The Kingdom of Dahomey has been depicted in a number of different works of fiction or creative nonfiction.

===Literature and theatre===
- In the novel Robur the Conqueror (1886) by Jules Verne, the crew and passengers of the Albatross travel to Dahomey, where they interrupt an act of human sacrifice.
- In Dahomey (1903) was a successful Broadway musical, the first full-length Broadway musical written entirely by African Americans, in the early 20th century.
- Novelist Paul Hazoumé's first novel Doguicimi (1938) was based on decades of research into the oral traditions of the Kingdom of Dahomey during the reign of King Ghezo.
- The anthropologist Judith Gleason wrote a novel, Agõtĩme: Her Legend (1970), centered on one of the wives of a king of Dahomey in the late 18th century, who offends her husband who sells her to slavery in Brazil; she makes a bargain with a vodu (deity), putting her son on the throne of Dahomey and bringing her home.
- Another novel tracing the background of a slave, this time in the United States, was The Dahomean, or The Man from Dahomey (1971), by the African-American novelist Frank Yerby; its hero is an aristocratic warrior.
- In the third of George McDonald Fraser's Flashman novels, Flash for Freedom! (1971), Flashman dabbles in the slave trade and visits Dahomey.

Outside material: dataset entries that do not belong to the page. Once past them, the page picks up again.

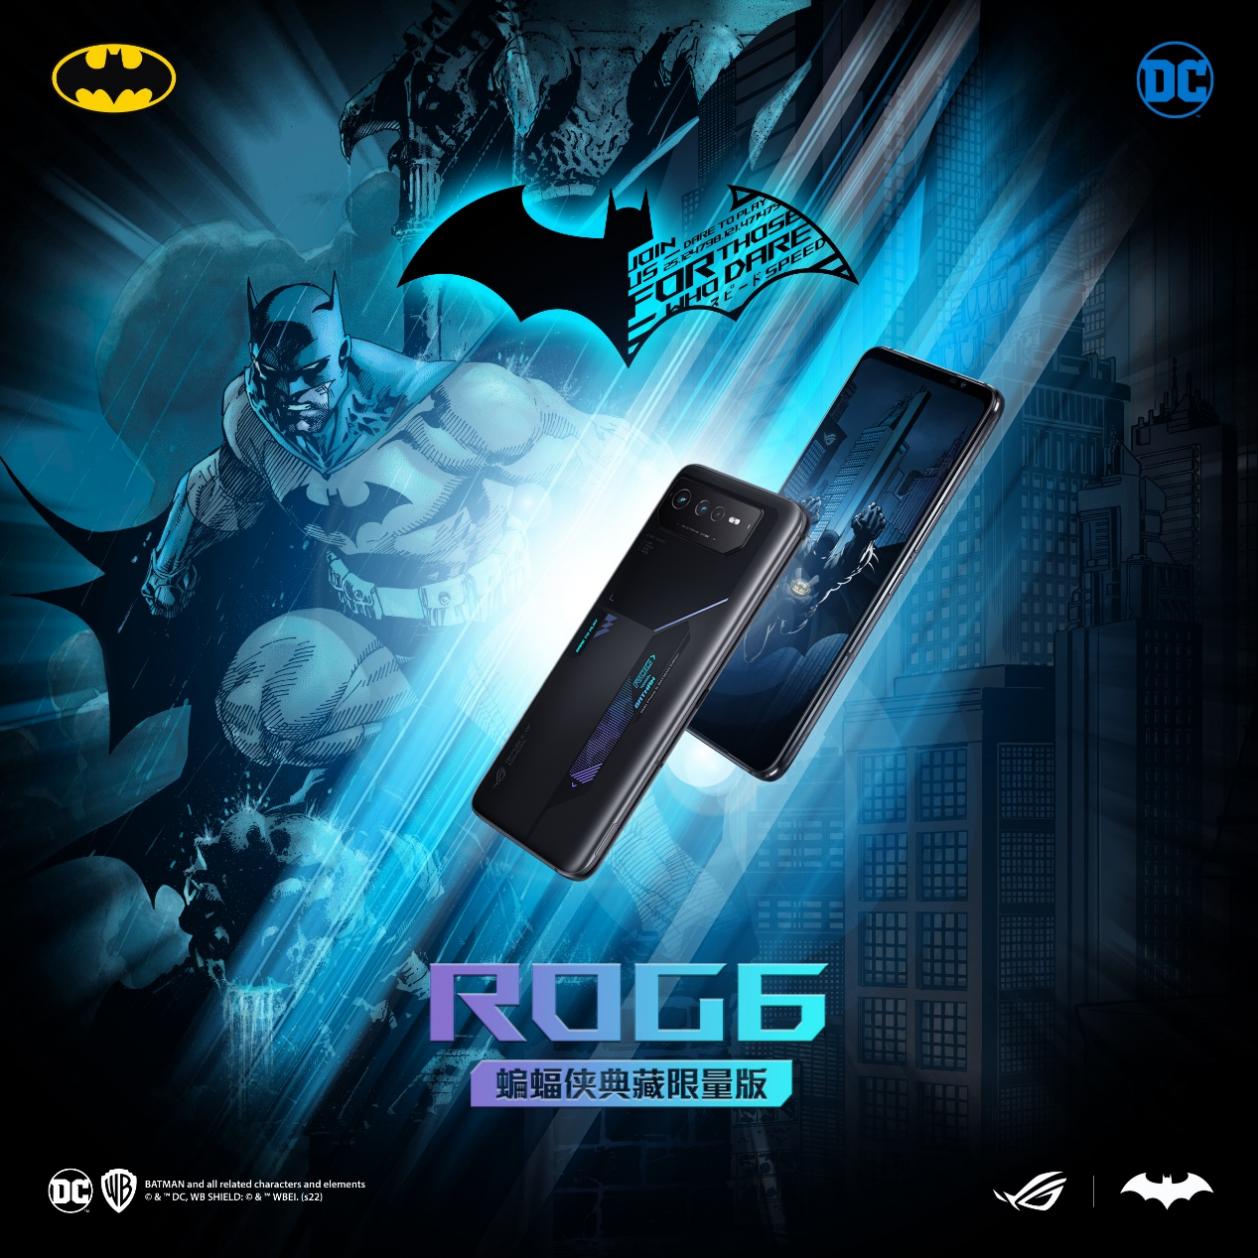 ROG游戏手机 6 蝙蝠侠典藏限量版开工季好价模式 下单立省千元
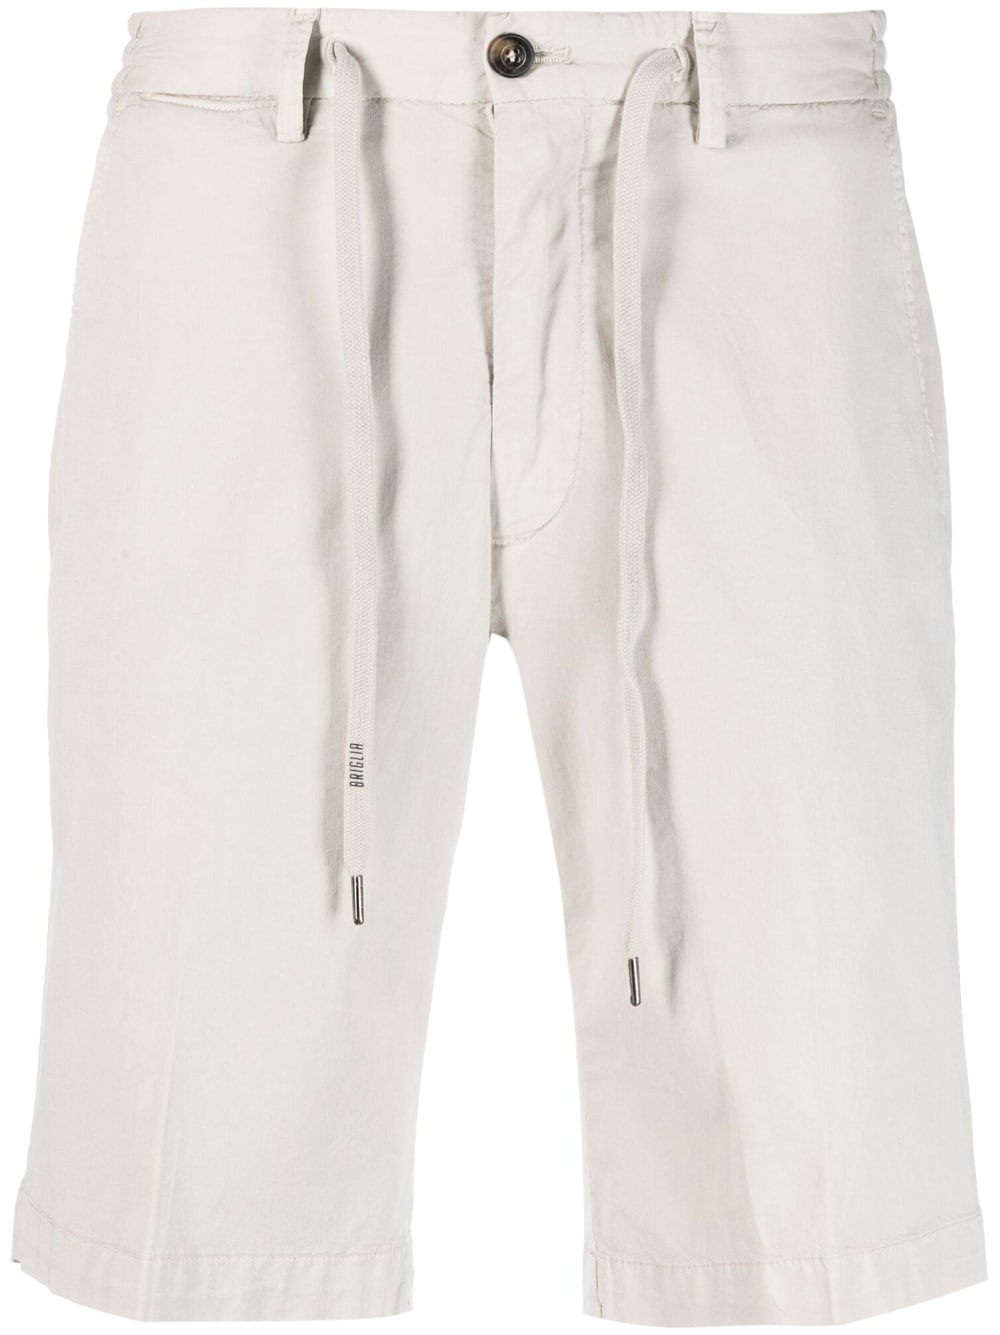  BRIGLIA 1949- Cotton Chino Shorts
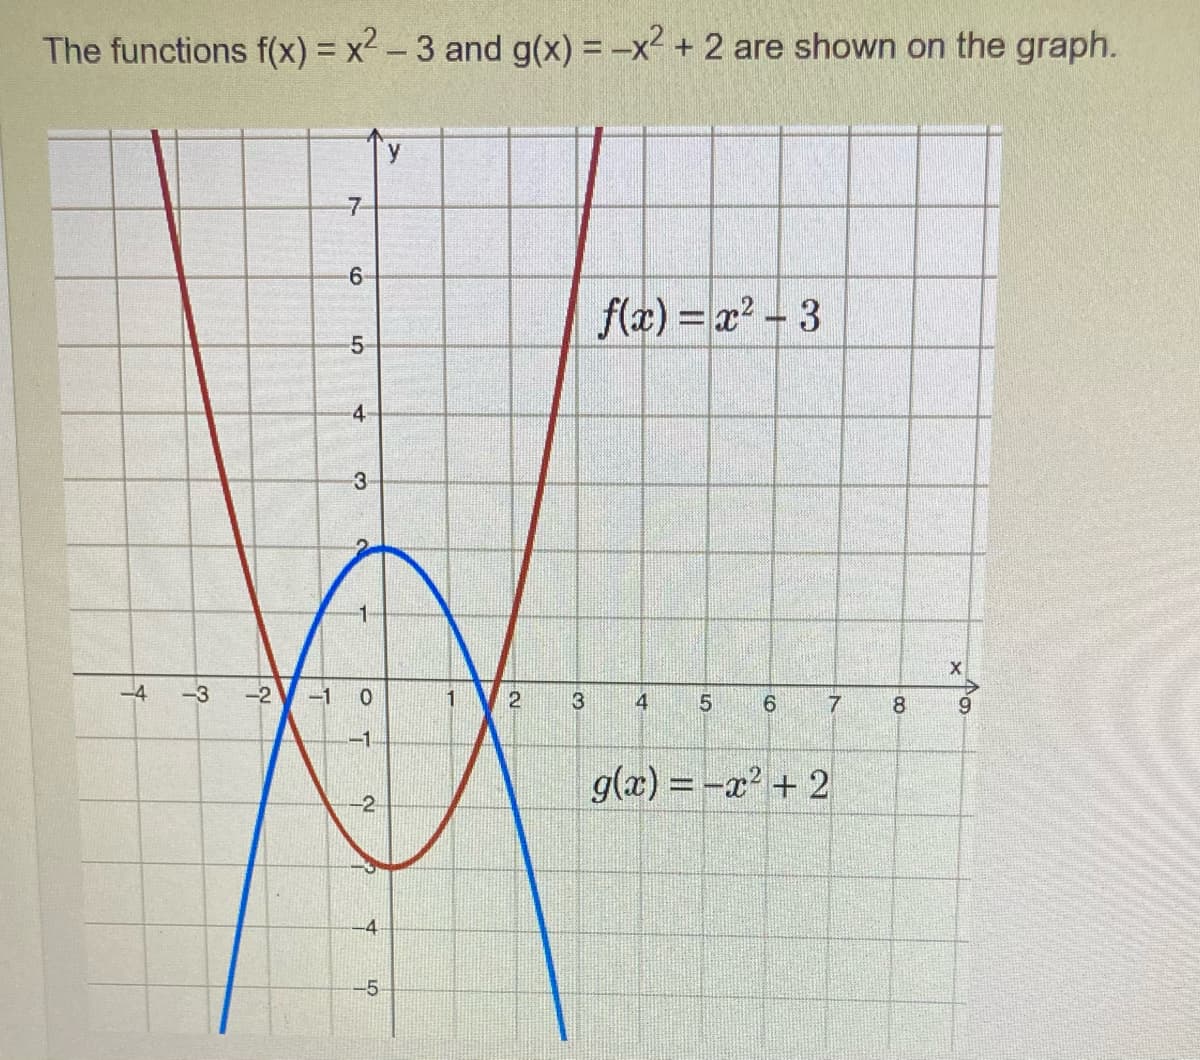 The functions f(x) = x² - 3 and g(x) = -x² + 2 are shown on the graph.
f(x)=x²-3
3
4
5
6
7
g(x) = -x² + 2
+
-3 -2
-1
7
-6
01
5-
4
3
0
-1
-2
-4
-5
K
1
2
8
X
9

- The Viceroy of Ouidah (1980) by Bruce Chatwin is the story of a Brazilian who, hoping to make his fortune from slave trading, sails to Dahomey in 1812, befriending its unbalanced king and coming to a bad end.

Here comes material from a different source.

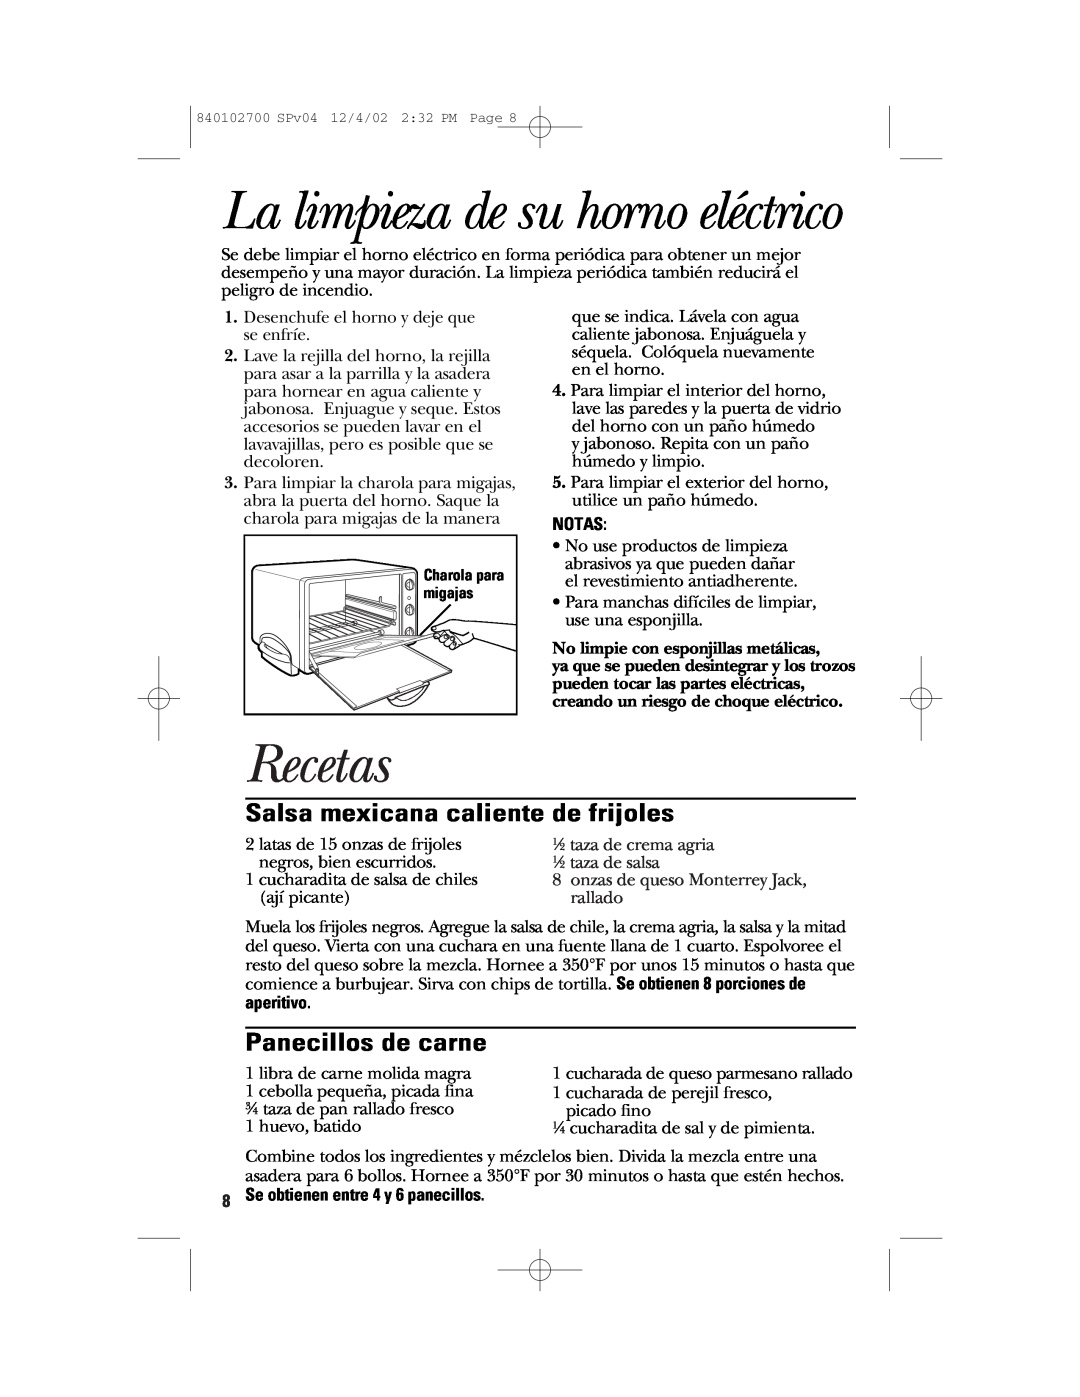 GE 840102700 La limpieza de su horno eléctrico, Recetas, Salsa mexicana caliente de frijoles, Panecillos de carne, Notas 
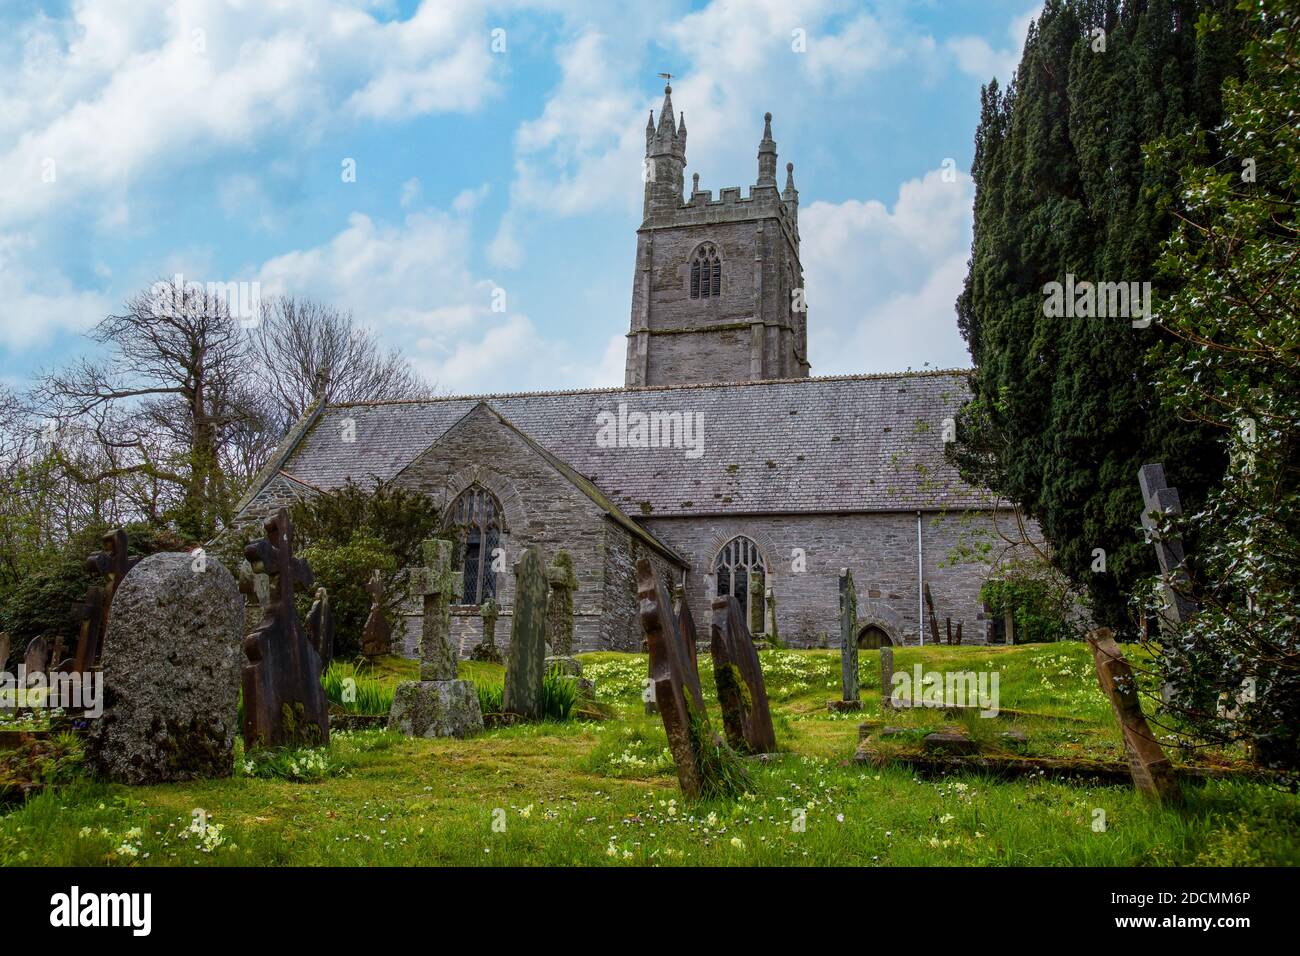 Die St. Mawgan Church ist eine Pfarrkirche aus dem 13. Jahrhundert in North Cornwall, die den Heiligen Mauganus und Nikolaus geweiht ist. Stockfoto

- The main character of one of the two parallel stories in Will Do Magic for Small Change (2016) by Andrea Hairston is Kehinde, a Yoruba woman forced into the Dahomean army; she struggles with divided loyalty, and after the fall of Behanzin, joins a French entertainment troupe who intend to exhibit her as an Amazon at the Chicago World's Fair.

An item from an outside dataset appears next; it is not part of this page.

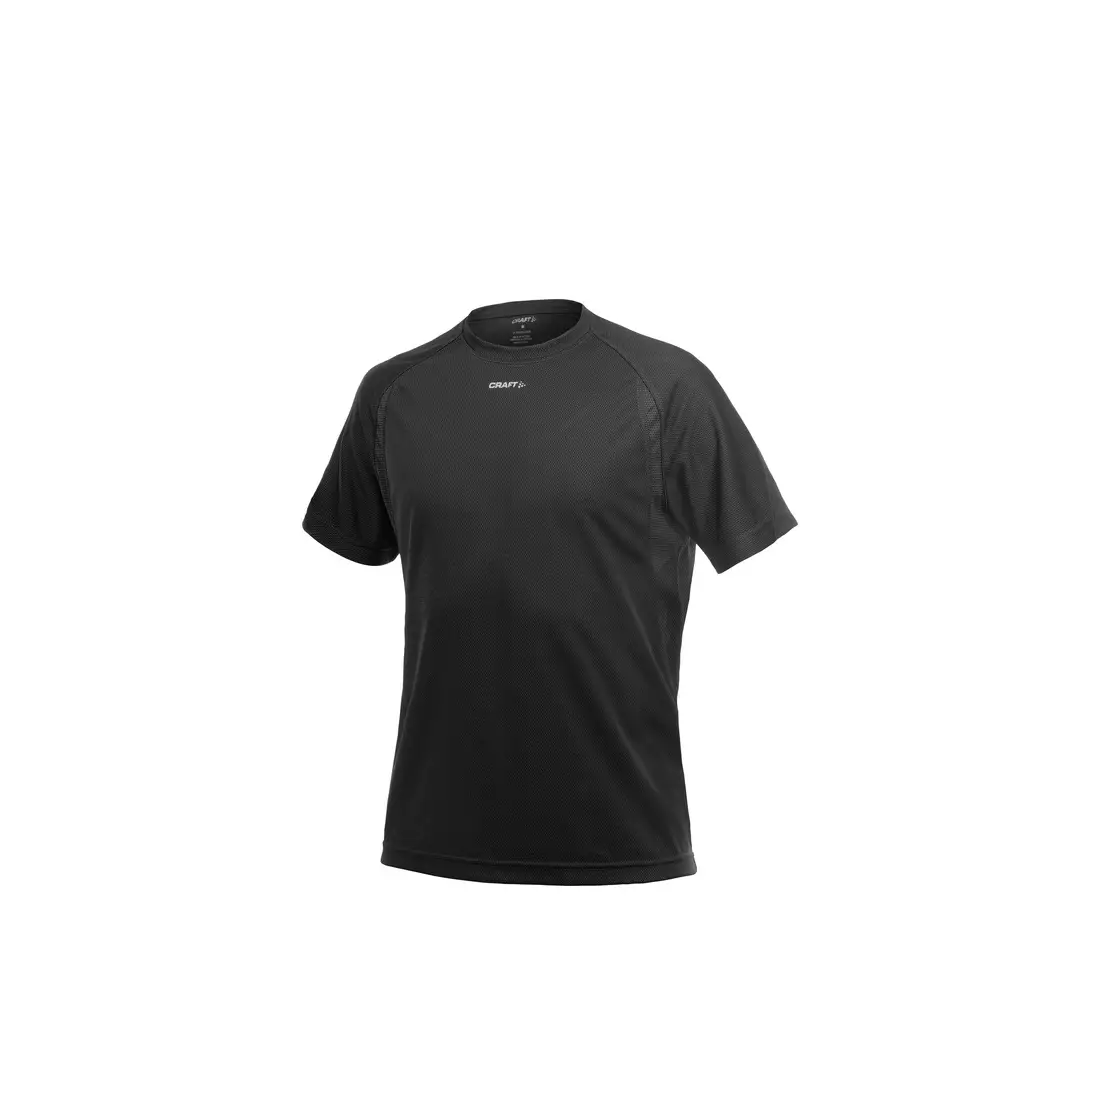 CRAFT ACTIVE RUN 1900655-9999 - pánské běžecké tričko

- The Booker Prize-winning novel Girl, Woman, Other (2019) by Bernardine Evaristo features a character named Amma who writes and directs a play titled The Last Amazon of Dahomey.
- Behanzin's resistance to the French attempt to end slave trading and human sacrifice has been central to a number of works. Jean Pliya's first play Kondo le requin (1967), winner of the Grand Prize for African History Literature, tells the story of Behanzin's struggle to maintain the old order. Maryse Condé's novel The Last of the African Kings (1992) similarly focuses on Behanzin's resistance and his exile to the Caribbean. The novel Thread of Gold Beads (2012) by Nike Campbell centers on a daughter of Behanzin; through her eyes, the end of his reign is observed.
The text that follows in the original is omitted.